◆ **ASSIGNMENT**
When the line containing "CGI image of bitcoin cryptocurrency" appears in the entries below, begin printing there and stop after the line containing "drawing, 29 x 42 cm"; print each of those lines exactly and no other line.

◆ **DATA TO PROCESS**
◆ ◆ ◆ ◆ ◆ ◆ ◆
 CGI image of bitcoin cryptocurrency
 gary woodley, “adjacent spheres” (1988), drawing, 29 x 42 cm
◆ ◆ ◆ ◆ ◆ ◆ ◆
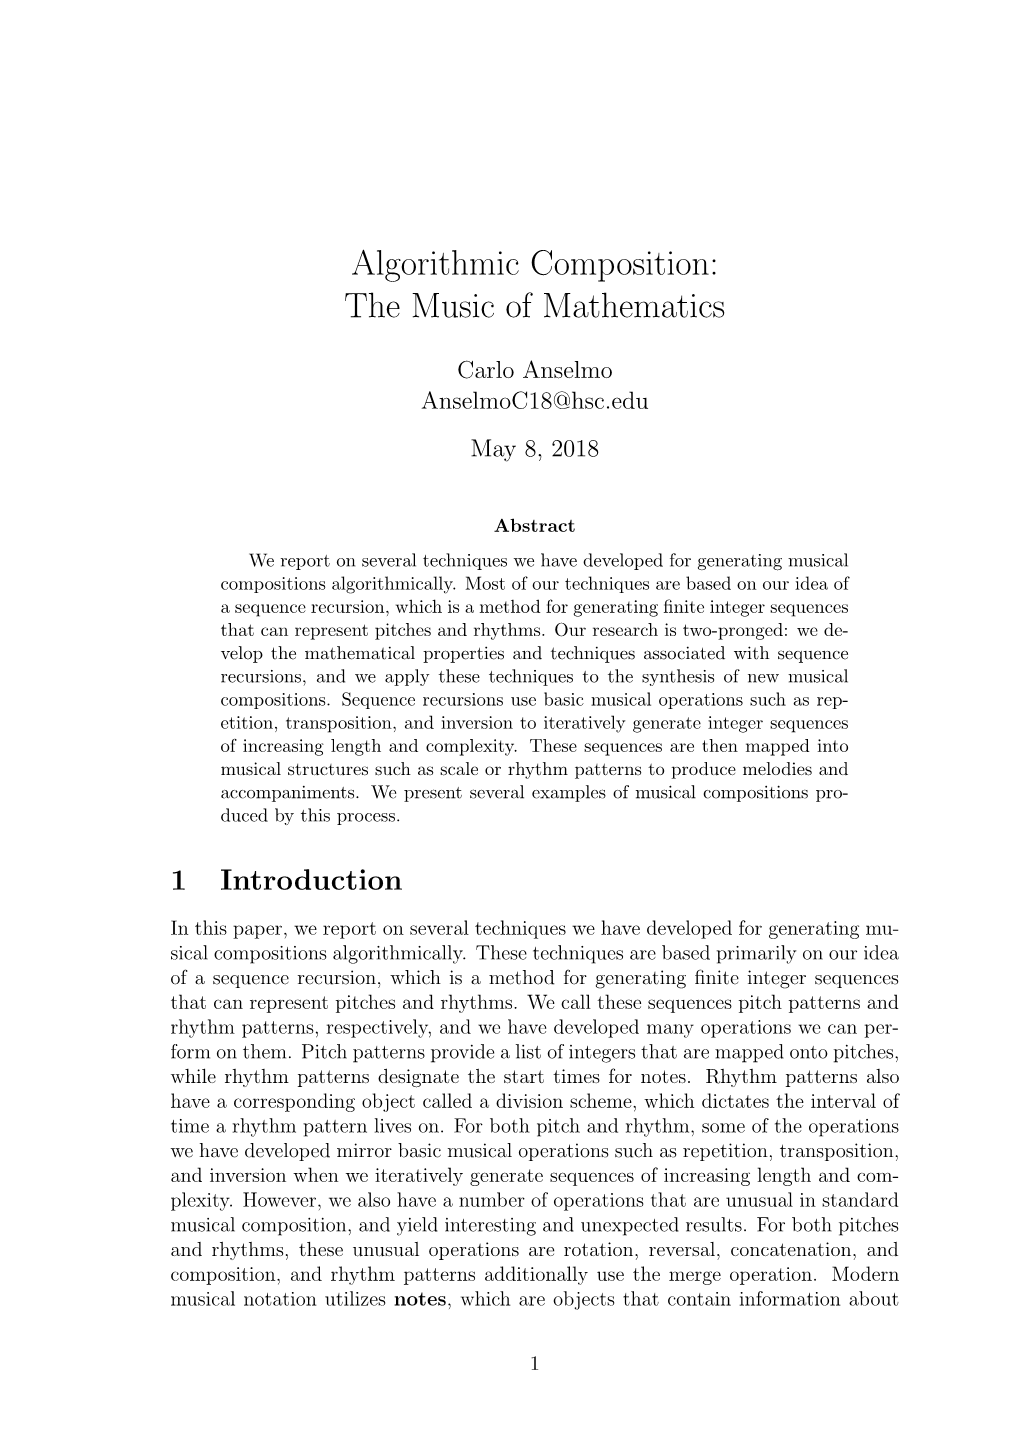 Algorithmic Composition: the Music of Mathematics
◆ ◆ ◆ ◆ ◆ ◆ ◆
◆ **FINAL ANSWER**
 CGI image of bitcoin cryptocurrency
 gary woodley, “adjacent spheres” (1988), drawing, 29 x 42 cm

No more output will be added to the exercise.